SAIA DO SOL E DA CHUVA, ENTRE...

A morada é simples, é sertaneja, mas tem alimento para o espírito, amizade e afeto.



domingo, 21 de agosto de 2016

O FUNERAL DA VACA MAGRA


*Rangel Alves da Costa


A feição da vaquinha era uma tristeza só: no couro e osso, esquelética, fraca demais, tendente a cair a cada passo. Sem chuva desde muito, sem capim ou planta rasteira no chão, sem água ou mesmo lama no tanque, sem esperança alguma de sobrevivência, apenas os dias marcavam sua despedida da vida.
O sol escaldante descia sobre os seus olhos fundos e os deixava como sem viço algum. Olhos petrificados, tristes, rodeados de moscas e outros insetos. Da boca descia uma baba gosmenta que certamente era a junção de todo o fluído restante do corpo. Já sem força alguma, não podia sequer seguir mais adiante até debaixo de um velho umbuzeiro. Talvez alguma sombra lhe diminuísse ao sofrimento.
De repente, das profundezas dos olhos desceram duas lágrimas. As últimas. E tinha sua razão de ser. Não suportou a dor quando sentiu urubus em rasantes acima de si. Sabia que aqueles carnicentos esperavam somente sua queda para a impiedosa comilança dos restos mortos. Os seus restos. Não duvidava mais que iria morrer. Ouviu um carcará e fechou os olhos. Quis mugir. Não pôde. Já não tinha forças.
Caiu antes de o sol se pôr. Desolada e triste, temendo ser atacada pelos carnicentos antes mesmo da morte, quis forçar o passo e chegar até o umbuzeiro. Uns trinta metros apenas, mas longe demais. Tudo longe demais ante as forças que se esvaíam. Tropeçou numa pequena pedra e tombou. Caiu e deu um mugido tão alto que ecoou por todo o sertão.
Ainda ofegava quando os urubus, os gaviões e os carcarás avançaram pelos ares. Contudo, repentinamente um canto passarinheiro surgiu tão estridente que fez recuar todos os carnicentos. Um tem-tem, pássaro que vela a vida e a morte sertaneja, soltou o seu grito como para anunciar que a vaquinha magra já dava os seus últimos suspiros.
Preocupado em anunciar perante todos os bichos aquele instante de tristeza e despedida, o tem-tem não sabia, mas a vaquinha já havia morrido.
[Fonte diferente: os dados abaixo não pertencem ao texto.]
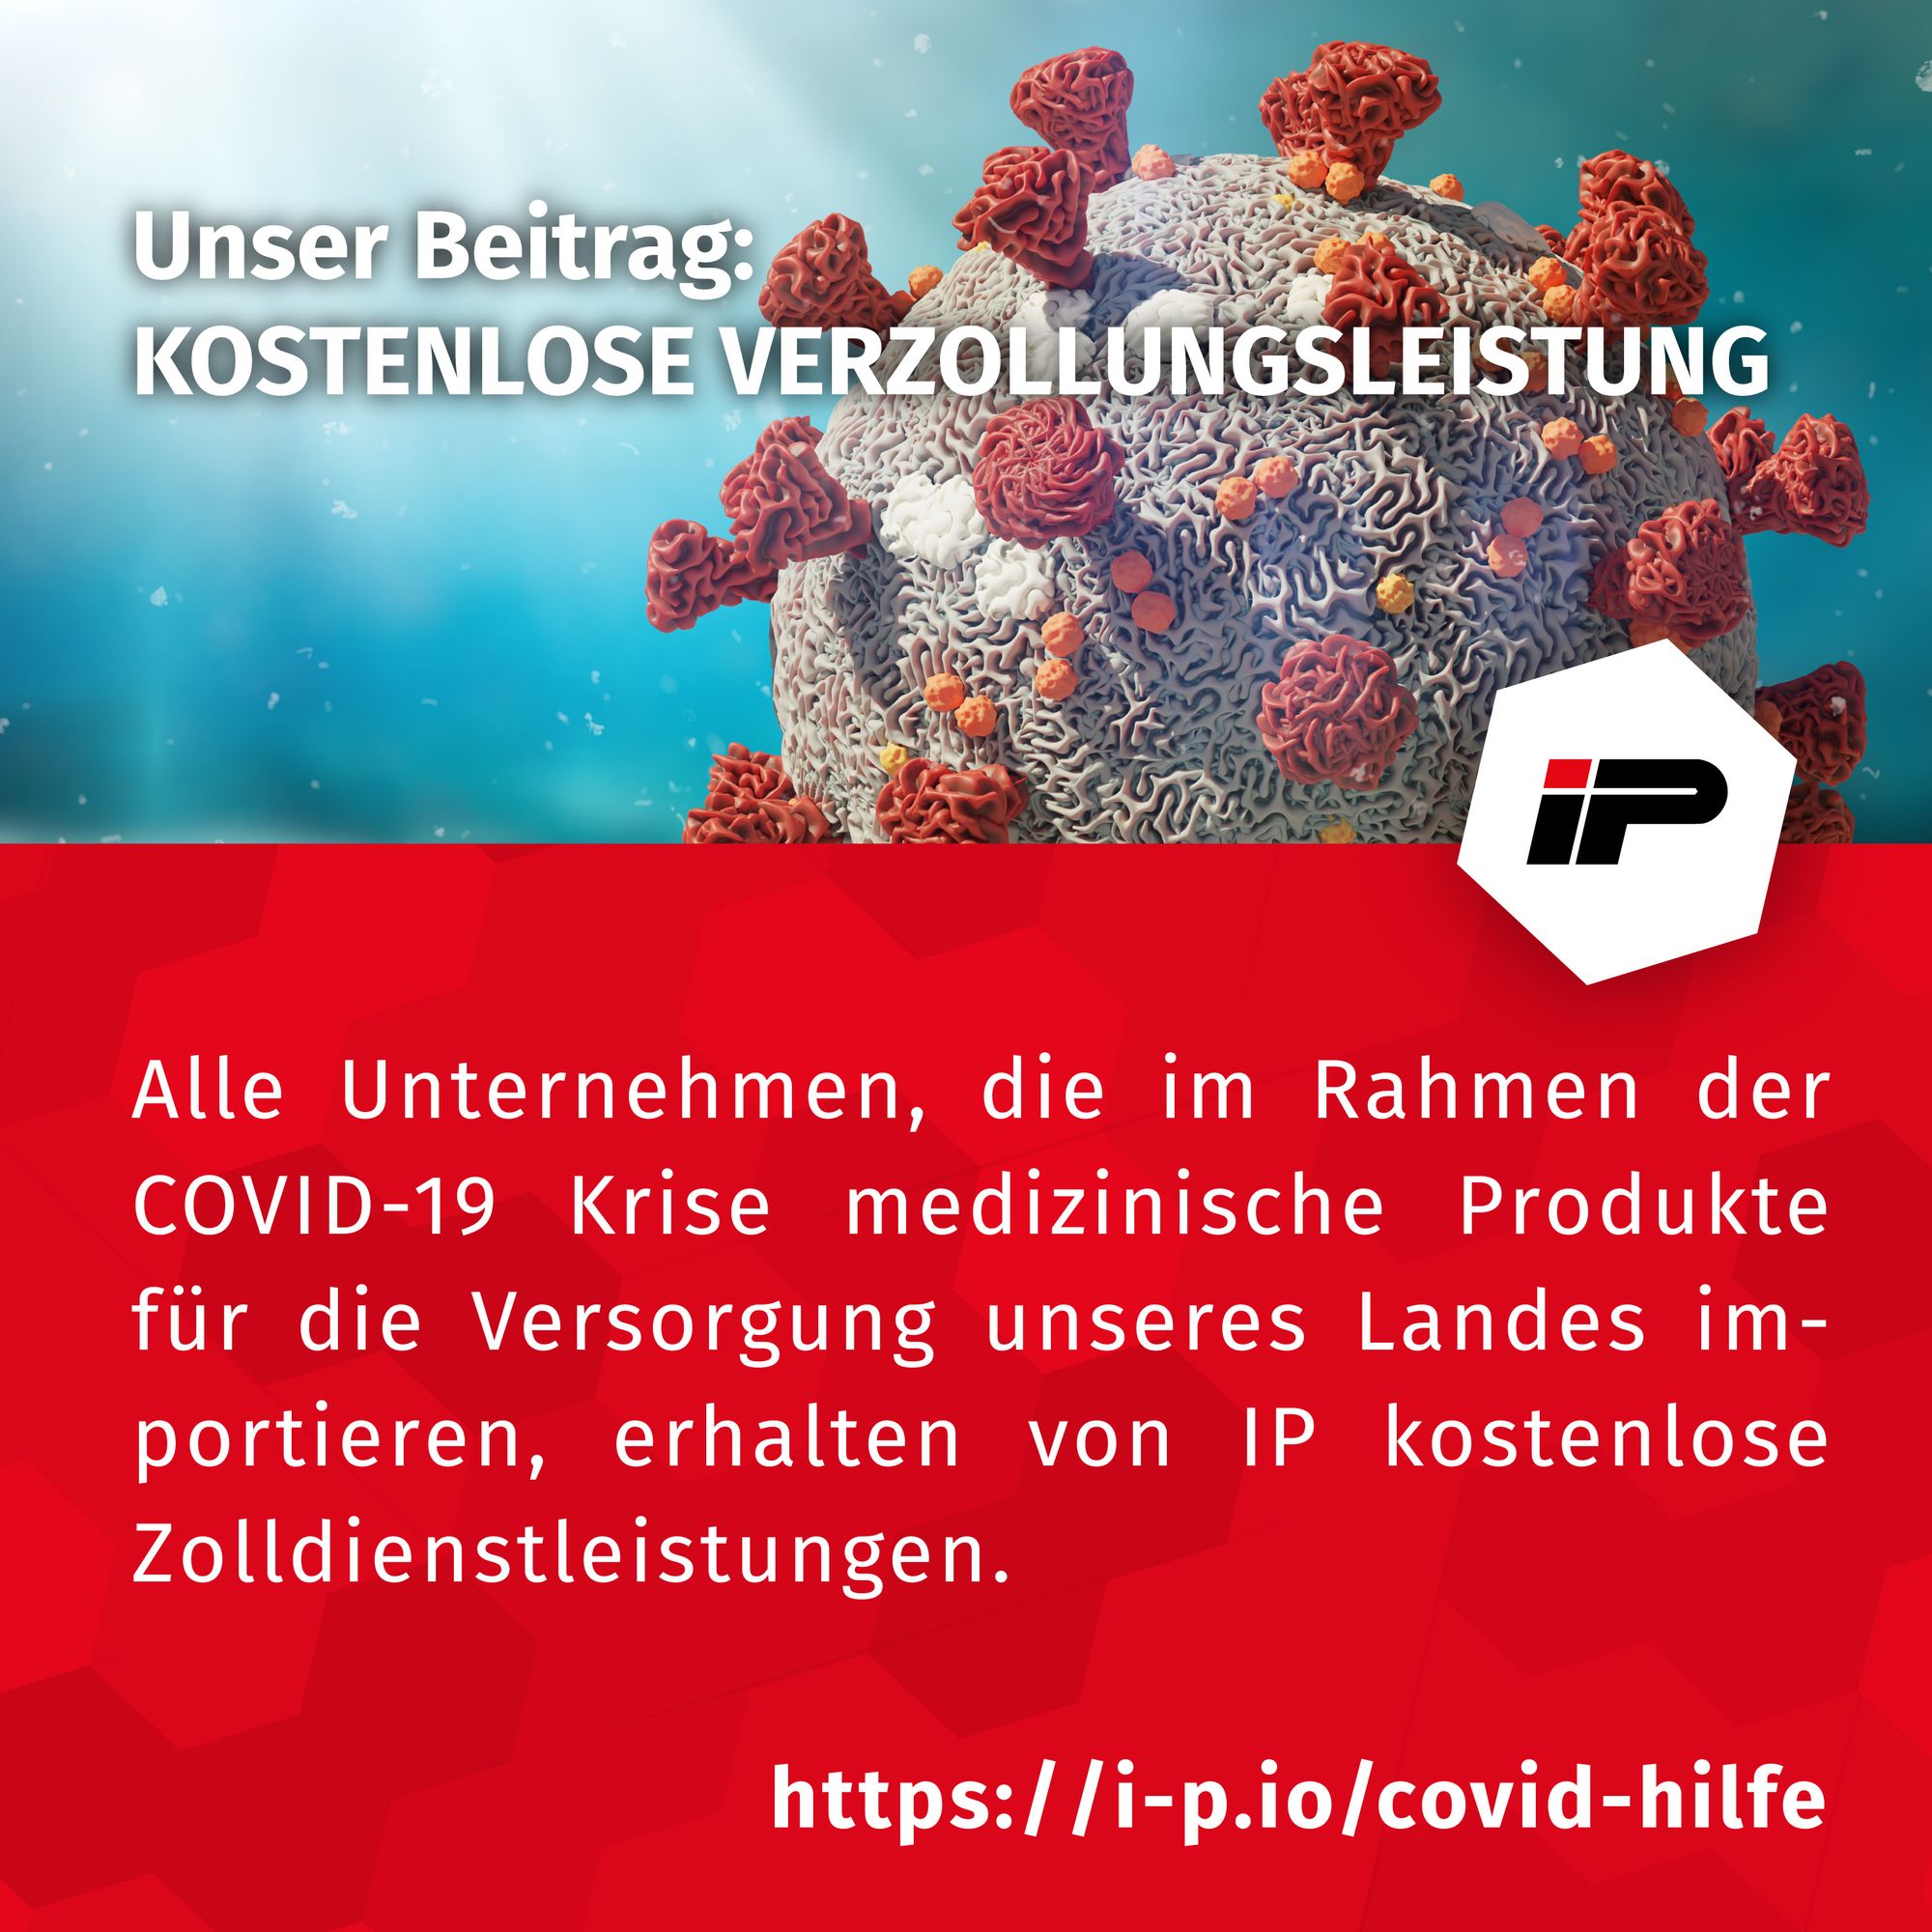 COVID-19 - kostenlose Zolldienstleistung für medizinische Produkte

Por enquanto afastados os carnicentos, o pássaro se aproximou um pouco mais e então aumentou o tom do seu canto fúnebre. Enquanto os sinos das igrejas dobram anunciando as mortes, assim também com o dobrar aflito daquele pássaro sertanejo.
O tem-tem procurou o lugar mais alto da catingueira mais alta e ali pousou não só para continuar anunciando a despedida como para espantar os carnicentos e esperar a chegada dos bichos. Tinha certeza que logo chegariam vacas, bois, bezerros, cavalos, jegues, cabras, pássaros, e muitos outros bichos. Contudo, o tempo foi passando e nenhum sinal daqueles amigos das caatingas.
Quando o entardecer já tomava uma cor afogueada e o sol abrasava para tostar e ir embora, então o tem-tem, lá do alto, percebeu que alguns animais se aproximavam, mas tão lentamente que até parecia que não conseguiriam chegar. Então o pássaro alçou voo para se certificar sobre o que ocorria com aqueles bichos e logo se assustou com as terríveis cenas: tal qual a vaquinha antes de morrer, os bichos igualmente esqueléticos quase não conseguiam caminhar.
E que indescritível tristeza daí em diante. Não demorou muito e um bezerro caiu, depois uma vaca, depois um jumento, e depois e depois... Quando as sombras da noite já avançavam pelos sertões, então dezenas de bichos jaziam mortos ao redor daquela vaquinha magra, como num velório único nas ressequidas e tristes paisagens.
Somente o tem-tem fez sentinela, somente o tem-tem velou seus irmãos vítimas dos sofrimentos, das estiagens, das secas, das desolações sertanejas. E muitos velórios e funerais acontecem assim o tempo todo. Pelos pastos sem vida, pelas terras sem grãos, então a morte chega sem piedade. Por isso tanta dor no homem sertanejo ao conviver com cemitérios ao redor, com as ossadas de suas crias.